Currently, initial screening of arterial stenoses is performed non-invasively in vascular laboratories with segmental pressure recording (SPR) and pulse volume recording (PVR) (28). In SPR, four blood pressure cuffs are applied to the thigh (upper and lower), calf and ankle, to locate sites of arterial obstructions by estimating the pressure gradients between the cuffs. However, SPR is relatively insensitive and has poor localization (29). The method is unreliable in patients with arterial calcification as it often results from diabetes mellitus (30), renal failure and heavy smoking (31). PVR uses an air bladder cuff to detect the changes in the volume of the limb during each cardiac cycle, a non-quantitative technique that estimates blood volume in a limb and does not evaluate intra-arterial hemodynamics directly. In contrast, the new projection technique has the potential to yield hemodynamic information at virtually any peripheral arterial segment, including infrarenal aorta, iliac and popliteal arteries where cuff compression is not possible.
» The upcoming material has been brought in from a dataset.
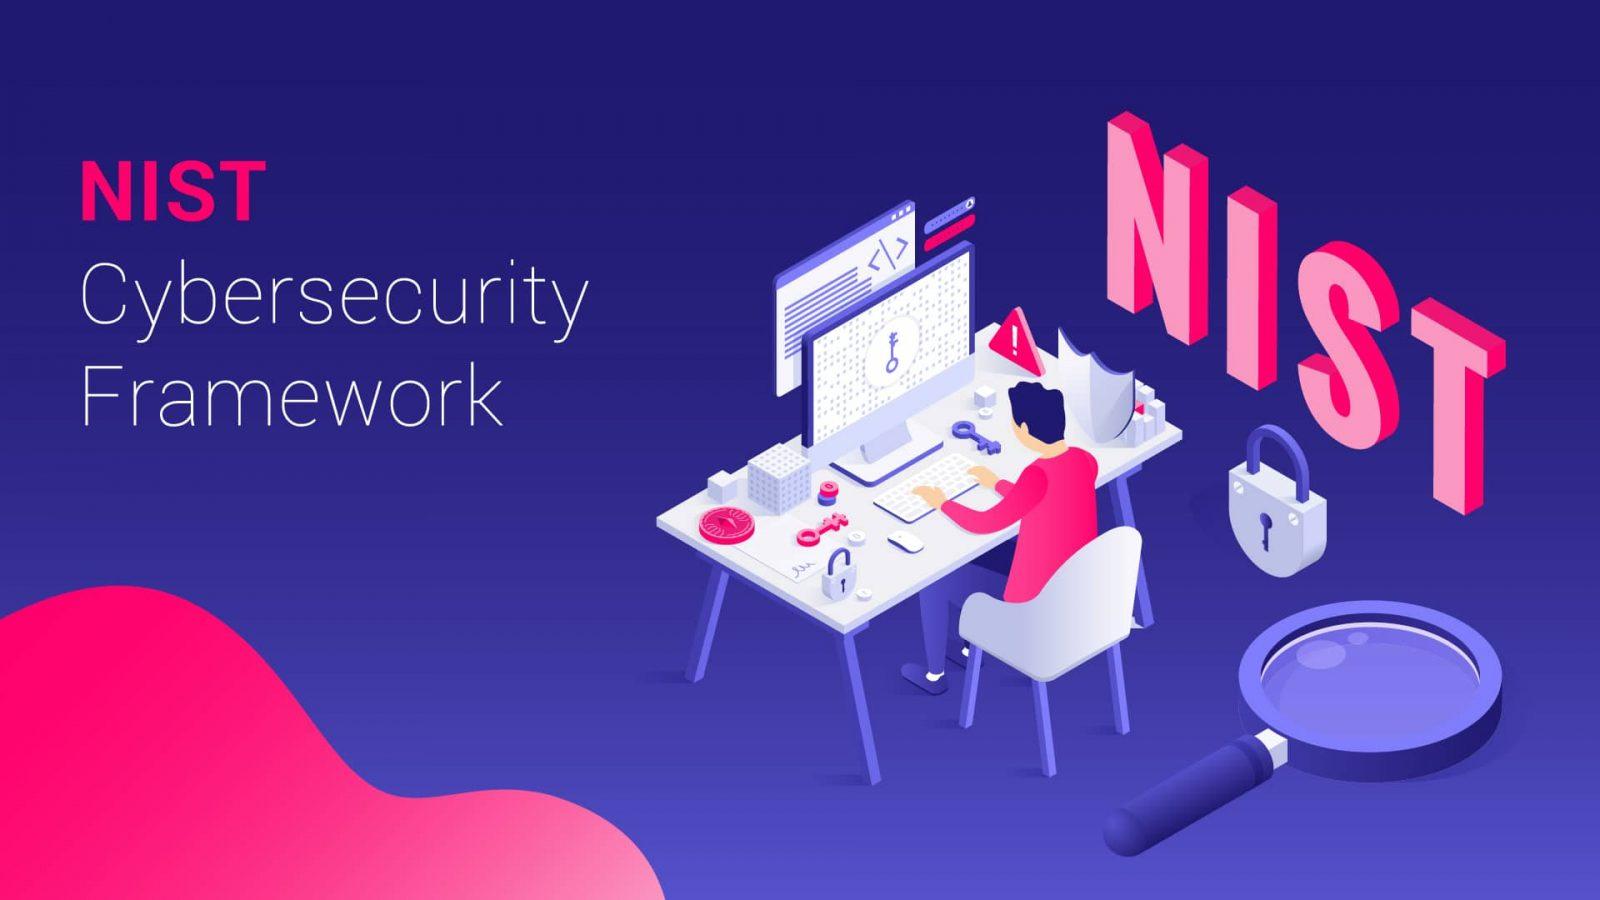 Understanding the NIST Cybersecurity Framework

The accuracy is unaffected by obesity or leg edema, and the protocol does not require highly skilled technicians as does duplex ultrasound (time consuming at aortoiliac and femoral-popliteal segments (32)) since the scan procedure is identical to that of conventional PC-MRI.
In conclusion, the proposed method has the potential to yield hemodynamic information at peripheral arterial segments without significantly prolonging total scan time as an adjunct, for example, to MRA.
The work was supported by the grants NIH T32 EB000814 and NIH R21 HL88182.